Kendinize rahatlamak ve günlük hayattan biraz uzaklaşmak için bir yöntem bulur bulmaz, uzanın ve gözlerinizi kapatın. İkinci  adımda ulaşmak istediğiniz hedef uyku felcidir İdeal olarak, R. Monroe'nun durum A olarak tanımladığı bu egzersiz için yorgun ve uykulusunuz. Sonra, uykuya dalma hissi ortaya çıktığında, zihinsel dikkatinizi bir şeye odaklamaya ve uykuya dalmamaya başlıyorsunuz.

Ne yazık ki, prosedür göründüğü kadar basit değil. Uykuya daldığın tekrar tekrar olacak. Aksine, yardımcı olan tek şey, sonunda başarılı olana kadar sabır ve tekrar tekrar pratik yapmaktır.

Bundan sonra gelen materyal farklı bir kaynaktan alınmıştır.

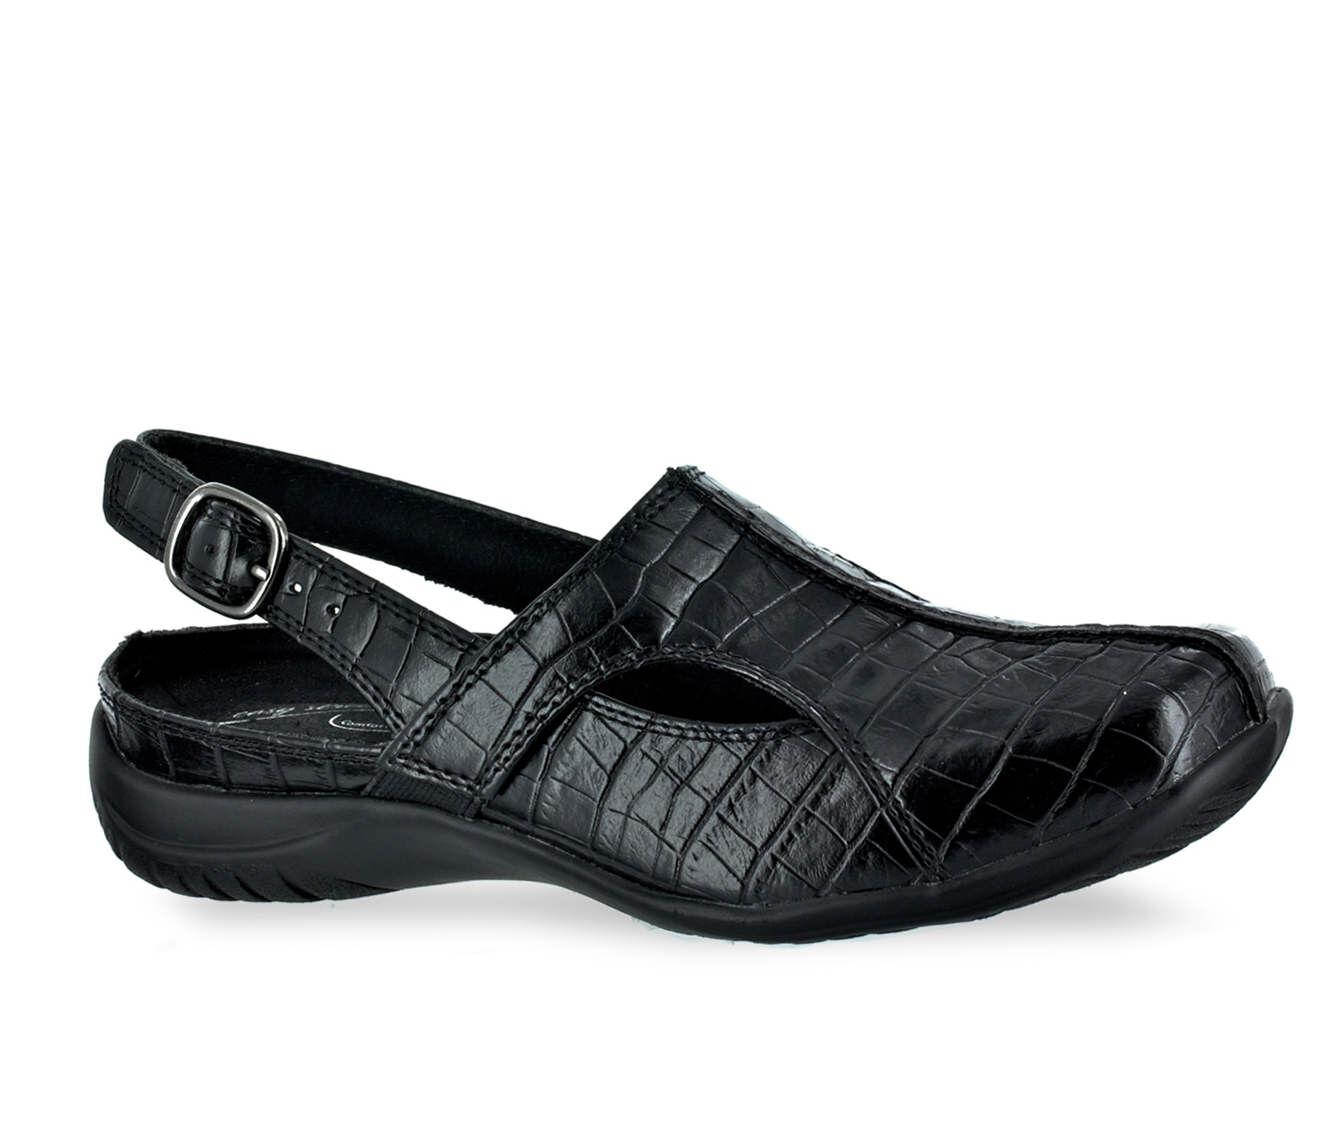 Women's Easy Street Sportser Shoes Black Croco

Kişi uykuya dalmadığı ve sıkıldığı gerçeğiyle sınırda uyku durumunda kalmayı başarıyla öğrendiğini fark eder. Ek olarak, keşfedilecek yeni bir şey olmadığı izlenimini edinebilmeniz için tanıdık bir his olmalıdır.

 

Üçüncü Adım:

Bu durumu derinleştirin. Zihnini temizlemeye başla. Görme alanınızı, kapalı göz kapaklarınızla önünüzdeki siyahlıkta gözlemleyin. Bir süre sonra ışık kalıplarını fark etmeye başlayabilirsin. Bunlar basit nöral deşarjlardır. Özel bir etkisi yok. Boşver onları. Durduklarında, Monroe'nun Koşul B'yi aradığı bir şey girdi. Buradan, Monroe'nun Koşul C'yi çağırdığı daha rahat bir gevşeme durumuna girmeliyiz. Böyle bir rahatlama hali, beden ve duyusal uyarım hakkındaki tüm farkındalığı yitirir. Neredeyse tek bir uyarım kaynağının kendi düşünceleriniz olacak bir boşluktasınız.

 

Vücudunuzu terk etmek için ideal durum Durum D'dir. Bu, Koşullu ve yenilenmiş bir durumdan gönüllü olarak indüklendiğinde ve normal yorgunluğun etkisi olmadığında Koşul C'dir. Durum D'yi başarmak için, Monroe, sabah kalktığınız anda ya da kısa bir şekerleme sonrası girmeye çalışmanızı önerir.

 

 

Dördüncü Adım:

Titreşim durumunu girin. Bu, tekniğin en önemli kısmı ve aynı zamanda en belirgindir.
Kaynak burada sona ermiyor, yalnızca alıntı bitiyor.